Específicos

High heat transfer coefficients can be achieved between an encapsulated PCM and a gas flow thanks to the high exchange surface. There are two different concepts: in packed beds, the PCM is not moving and is used only for heat energy storage; in moving beds, the encapsulated PCM is used for the transport and storage of the heat energy.

Powder beds are of 4 types: fixed, moving, bubbling and circulating fluidized beds. When a gas is passed through a bed of powders, the bed will remain fixed at very low gas flow rates. Since there is no particle movement, the heat transfer coefficient is mostly determined by the convection heat transfer of the gas flow only (order of magnitude < 20 to 50 W/m²K). When the drag force of the gas flow exceeds the bed weight per unit cross sectional area, the bed will fluidize and bubbles will occur. The bubbling activity will increase at increased gas flow rates. Due to the turbulent movement of the particles, induced by the bubble flow, the heat trtansfer coefficient will significantly increase, with measured values of 100 W/m²K for coarse particles, to 700 W/m²K for fine (~100 µm) particles. In circulating fluidized beds, obtained at a gas flow rate that carries all particles out of the bed, hence requiring a recycle to keep the bed inventory,

the heat transfer coefficient is again high due to the intensive particle mixing. Values between 150 to 500 W/m²K are achieved, as further demonstrated in Chapter 5.

4.4.1

Previous works in carried out on packed beds.

The following example of encapsulated PCMs packed bed is quoted several times in this thesis as a pioneer for heat waste recovery at very high temperature (Maruoka and Akiyama, 2003, 2002; Maruoka et al., 2002).

The steam reforming of methane is an essential endothermic reaction in the chemical and metallurgy industries, involving the direct reduction in the production of hydrogen and carbon monoxide. The hydrogen and carbon monoxide generated are thus made available to synthesize methanol. Figure 42 illustrates the system developed by Maruoka and Akiyama to recycle waste heat energy. A packed bed of Nickel coated beads of copper accumulates the excess heat from the LD converter in the steel production (Linz Donawitz process). The latent heat energy stored is further used to produce hydrogen and carbon monoxide.

Figure 42: Schematic diagram of the proposed process consisting of the LD converter and the PCM heat storage reactor (Maruoka and Akiyama, 2002).

The high temperature encapsulated PCMs are demonstrating their full potential with that particular application.

4.4.2

Previous studies on using fluidized beds.

The circulating fluidized bed (CFB) is increasingly used in chemical reactors and in physical gas-solid processes (e.g. drying). New concepts of thermal energy storage systems are being developed for concentrated solar energy capture/storage systems or industrial waste heat recovery. They use a fluidized bed as transfer and storage medium to replace thermal fluids or molten salts (Chen et al., 2005).

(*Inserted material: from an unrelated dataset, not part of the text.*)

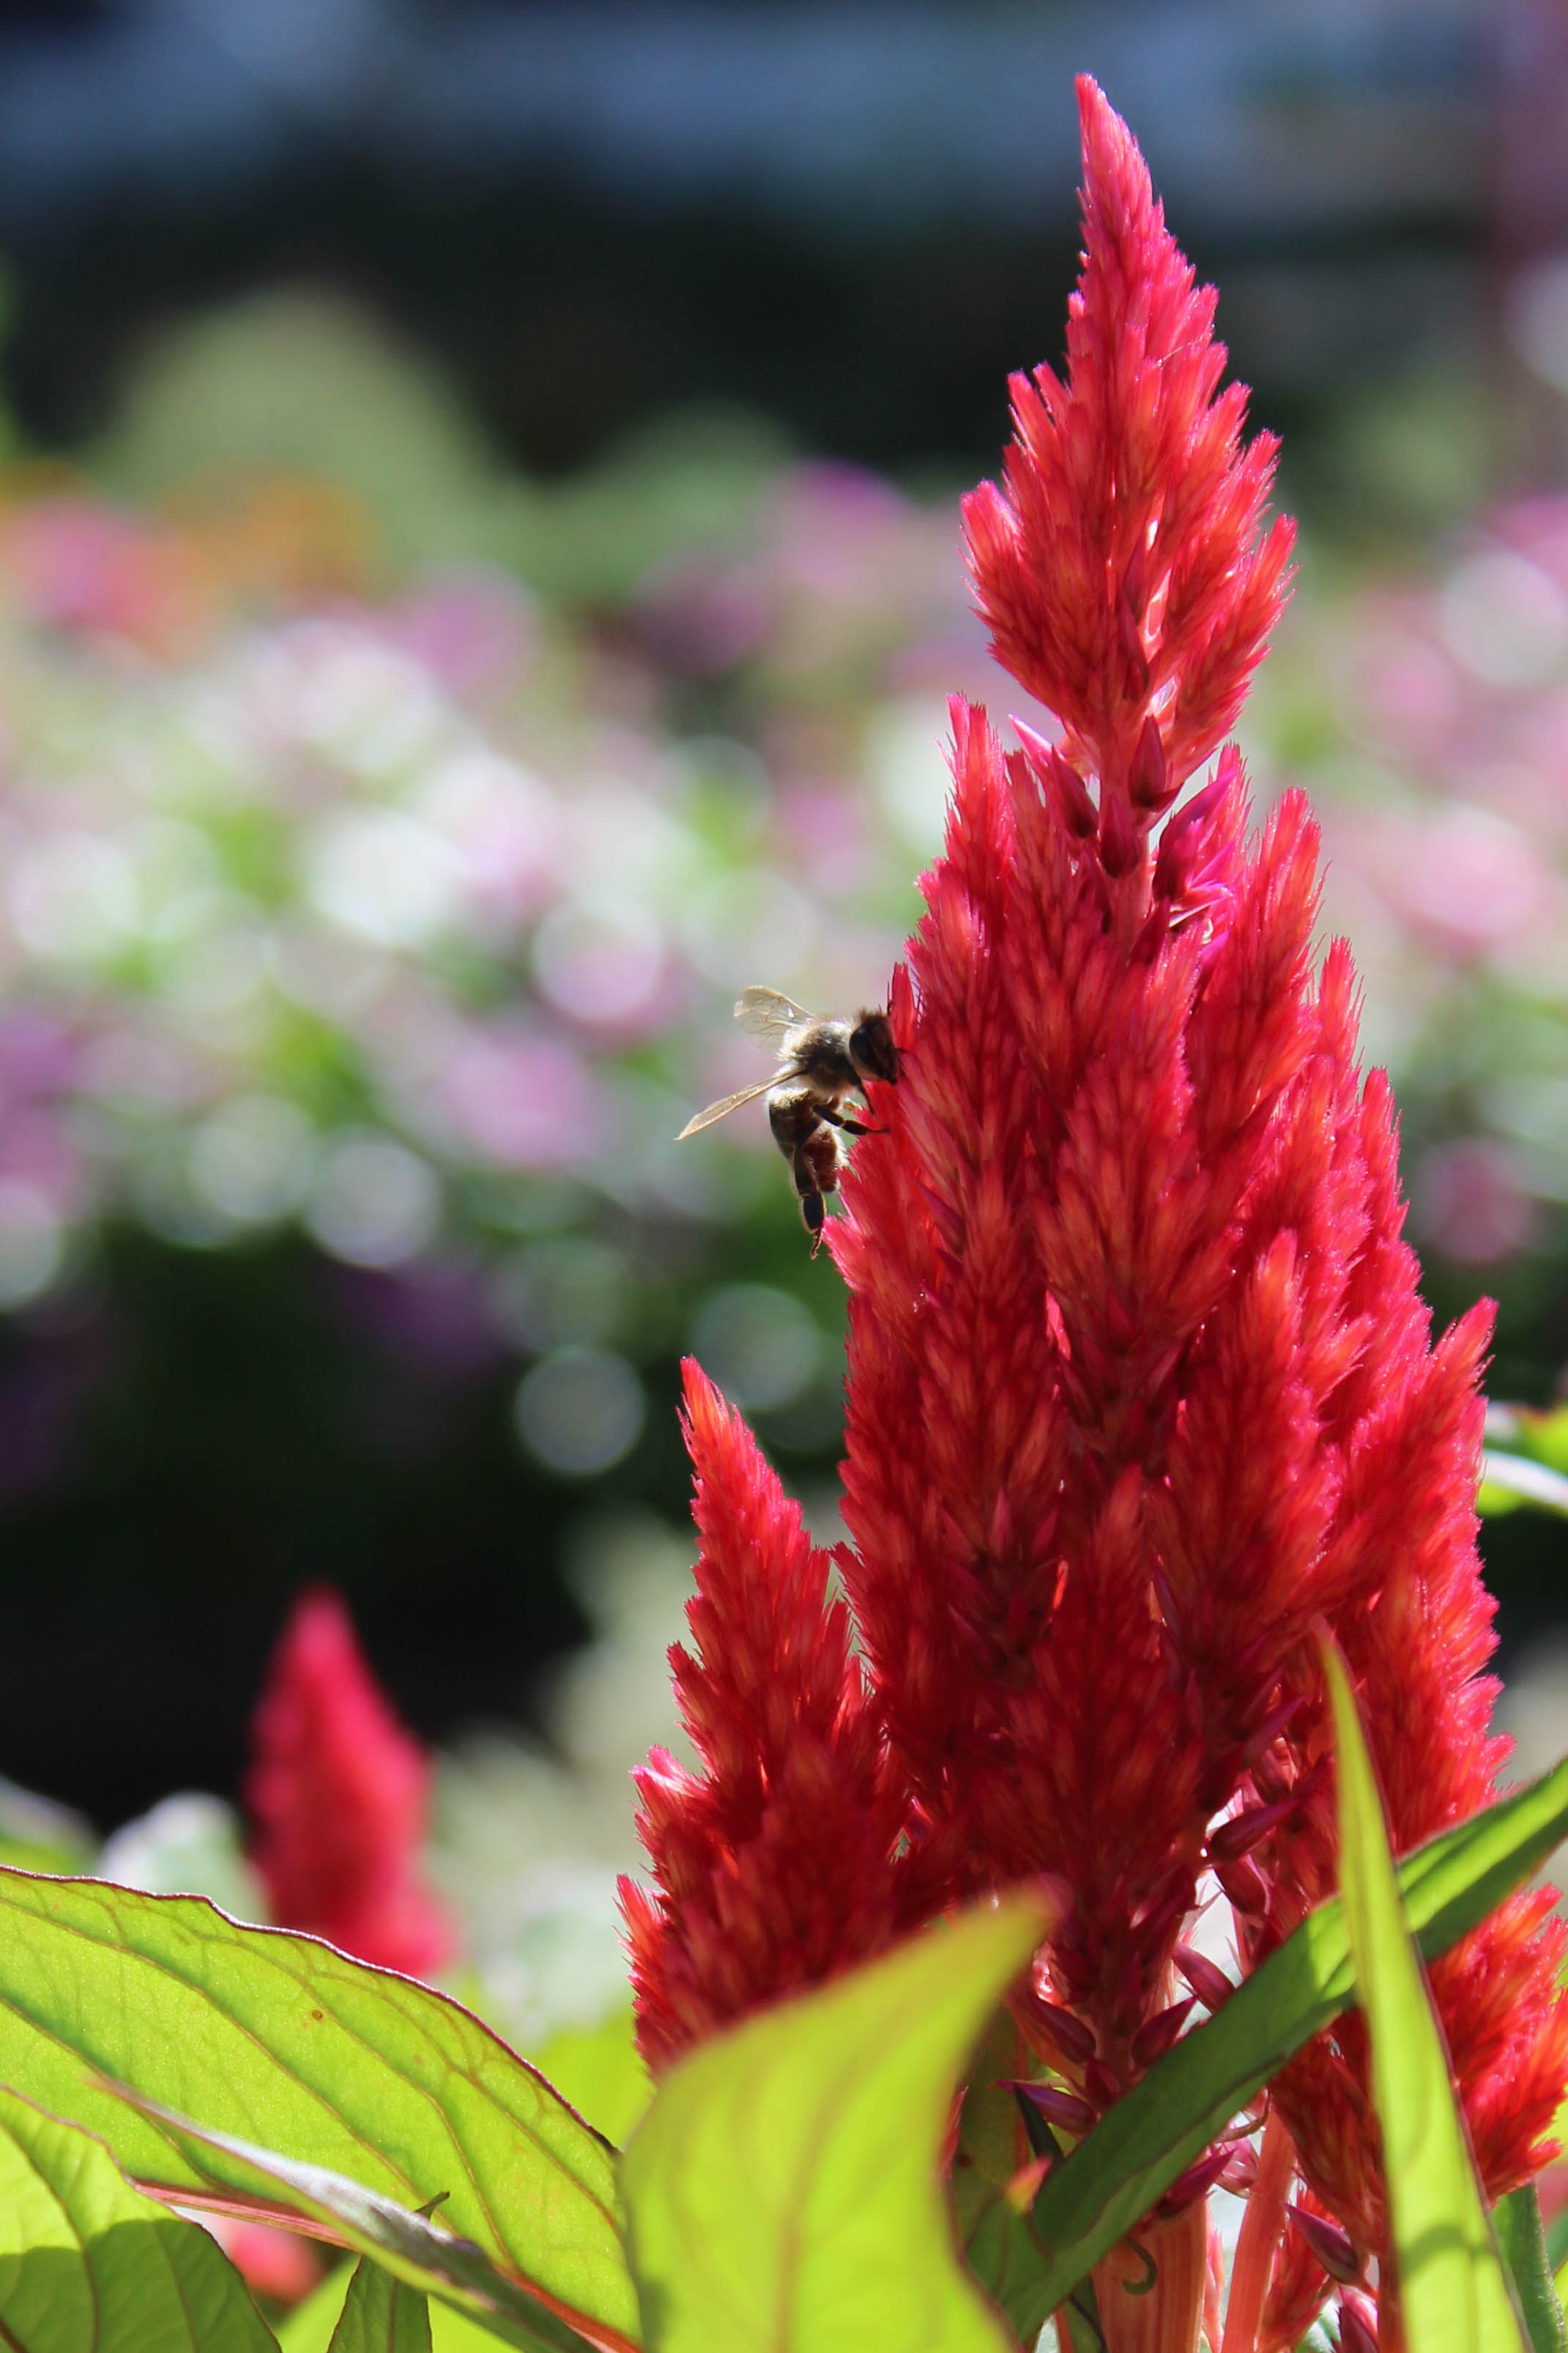 A bee landing on a flower.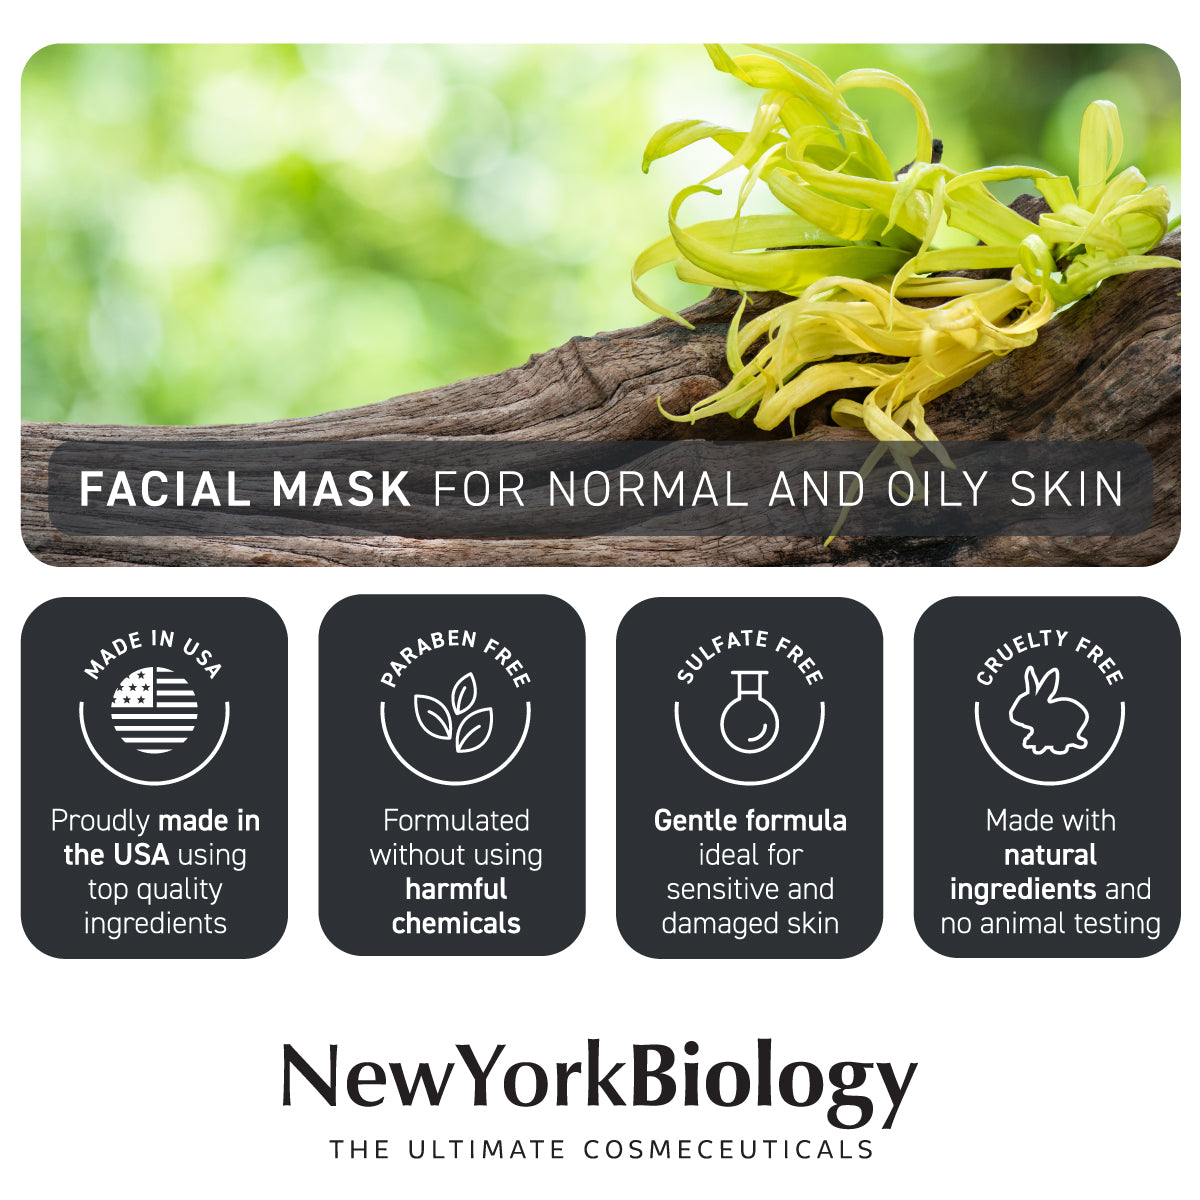 Anti Aging Facial Mask 6 oz

In the first case, an air-to-sand exchanger is installed in the receiver tower in order to minimize the losses. The sand is fluidized in the exchanger and air is passed through it. The exchange of heat between the air and the moving sand is excellent thanks to the fluidization of the sand. The air circulating reaches very high temperatures in the receiver, and carries the heat to the storage and the production unit. Such a system helps to improve the efficiency and storage rates of the plant (Figure 5 a). The typical set-up of Figure 5 b, applicable in solar towers and in waste heat recovery, applies a dense particle bed conveyed within a tube bundle to capture the heat at bed temperatures between 500 and 750 °C, thereafter using the stored heat in a bubbling fluidized bed steam boiler (European Union, 2011). A CFB shares many of its advantages with traditional bubbling fluidized beds (BFB), including temperature uniformity and excellent heat transfer. The continuous carry-over of particles implies solids’ collection and return equipment. In solar energy capture systems, solar heat will be captured at the outside tube wall, and subsequently transferred to the circulating solids.

At present, this specific solution is still in its development stages and several problems are still, as yet, to be resolved (Medrano et al., 2010).

4.4.3

Encapsulated PCM in fluidised beds.

A new system for the storage of low temperature thermal solar energy, which consists of a bubbling fluidized bed filled with granular phase change materials, has been undergoing tests in Madrid since 2010. In this system, the main advantages of both technologies are combined: the high heat transfer coefficients of bubbling fluidized beds and the high thermal energy storage capacity in the reduced volume of phase change materials. The project is focused on storage at specifically low temperatures.

Such a technology combined with SiC encapsulated molten salt PCM would be capable of combining the benefits of both technologies. The thermal conductivity of the particles, which are the result of their ceramic coating, would optimise the heat exchange. As in HT concrete, the latent heat would increase the amount of energy stored. The life cycle of the system and aging of the particles would require a careful study. If the shells of the PCM were to break or leak, the result would be leakage of the molten salt from the shell and consequent damage to the fluidised bed, by corrosion, defluidization and possible sintering of the bed material if low melting eutectics can be formed.